Norwegian salmon giant Mowi posted yet another set of record results for the fourth quarter of 2022, with the company's earnings for the full year passing the €1 billion ($1.1 billion) mark for the first time.
For the fourth quarter alone, Mowi's operational profit surged 64 percent to €239 million ($256.3 million), while the group reported record-high revenue of almost €1.4 billion ($1.5 billion), an increase of 18 percent over the same period a year ago.
The strong quarterly results, driven by high salmon prices and volumes, meant for the first time in its nearly 60-year history, Mowi crossed the €1 billion ($1.1 billion) earnings mark for the full year. Full year revenue of €4.9 billion ($5.3 billion) was also a new record for the company.
Mowi harvested 131,000 metric tons of salmon in the quarter and a total of 464,000 metric tons in 2022, which was 4,000 metric tons more than guided one year ago.
In Norway, its largest region, harvest volume reached a record-high level of 294,000 metric tons.
Mowi said blended achieved prices increased by 18 percent from the comparable quarter of 2021 on good demand, while the blended farming cost was €5.25 ($5.60) per kilo, relatively stable from the prior quarter despite a negative impact from challenging biology in Scotland and Ireland.
The group is projecting a harvest volume of 484,000 metric tons in 2023, which would represent an all-time high level, and includes volume from Mowi’s newest subsidiary, Arctic Fish in Iceland, the acquisition of which was completed during the fourth quarter.
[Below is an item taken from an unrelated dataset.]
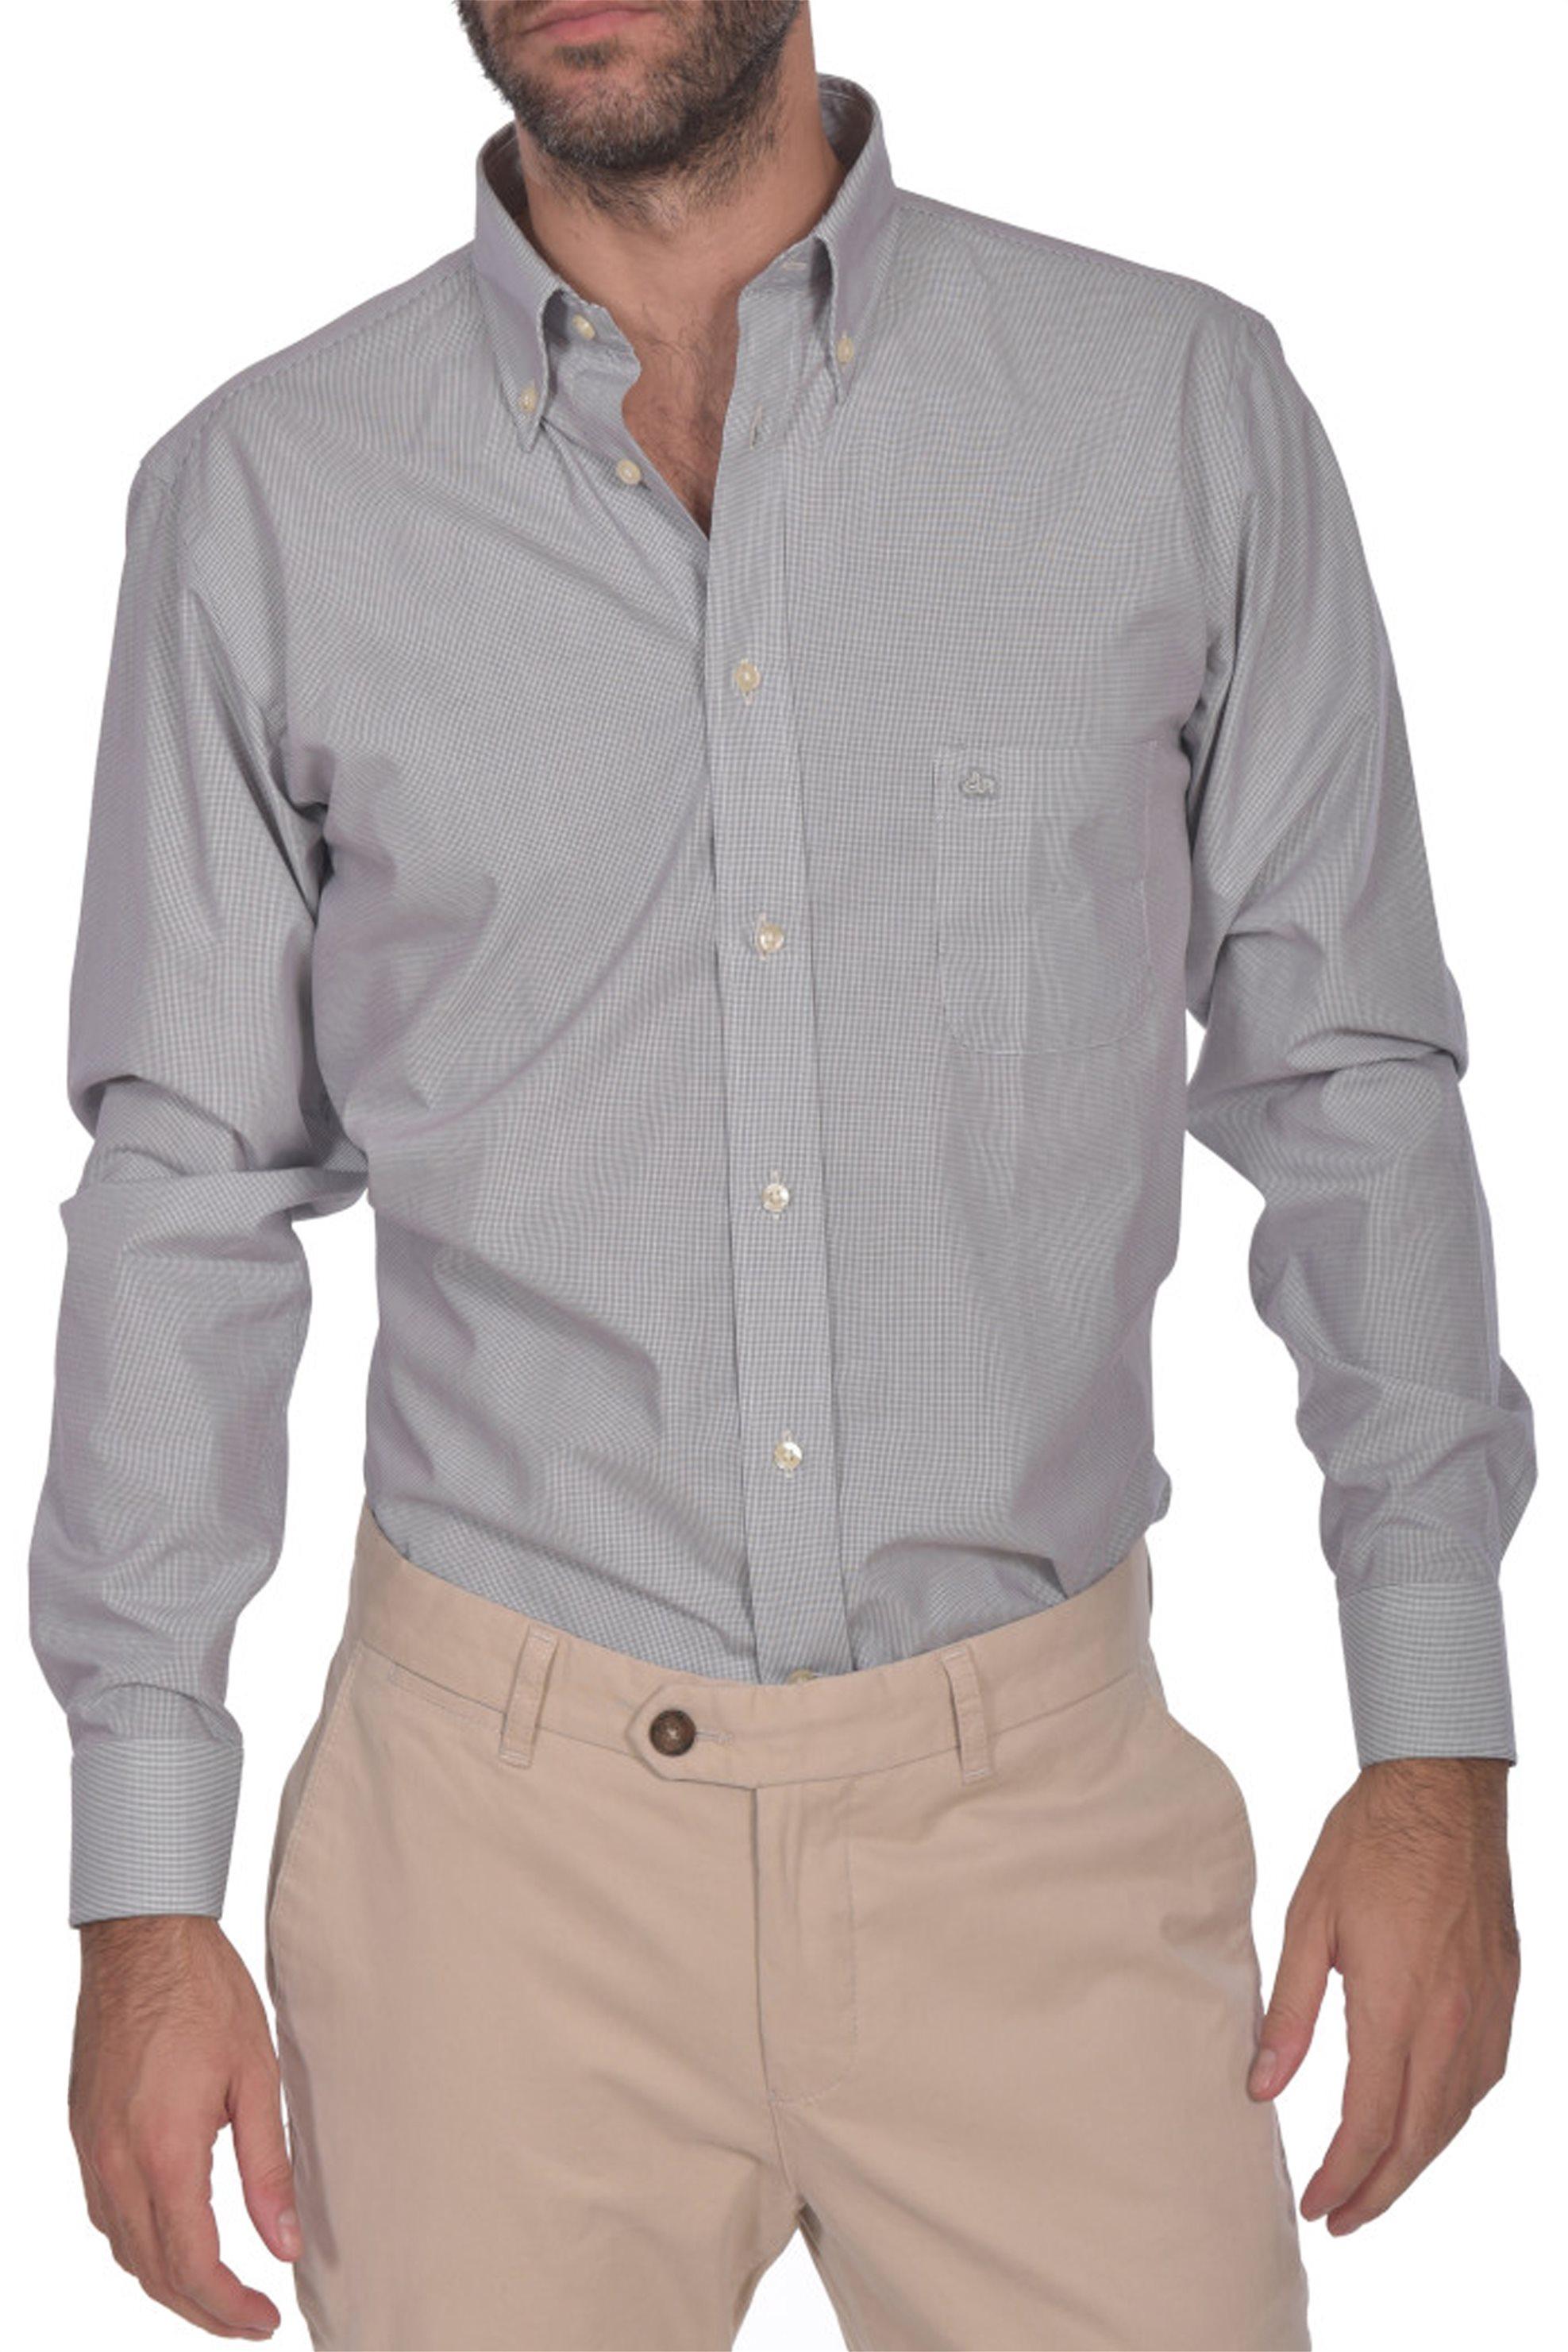 f65f6bf8c2eb Notos Dur ανδρικό πουκάμισο ριγέ button down Regular fit - 10210043 - Γκρι

This will equate to volume growth of as much as 109,000 metric tons in five years.
Mowi acquired a 51 percent stake in Arctic Fish from SalMar in December for NOK 1.9 billion (€180 million/$190 million).
Iceland is Mowi’s seventh farming country and was "the last spot missing from our geographical footprint," said Vindheim.
Value-added, feed divisions also post strong quarter
Mowi Consumer Products, the group's value added division, also had another strong quarter and year, setting both operational and financial records on good consumer demand and impressive operational performance, said the group.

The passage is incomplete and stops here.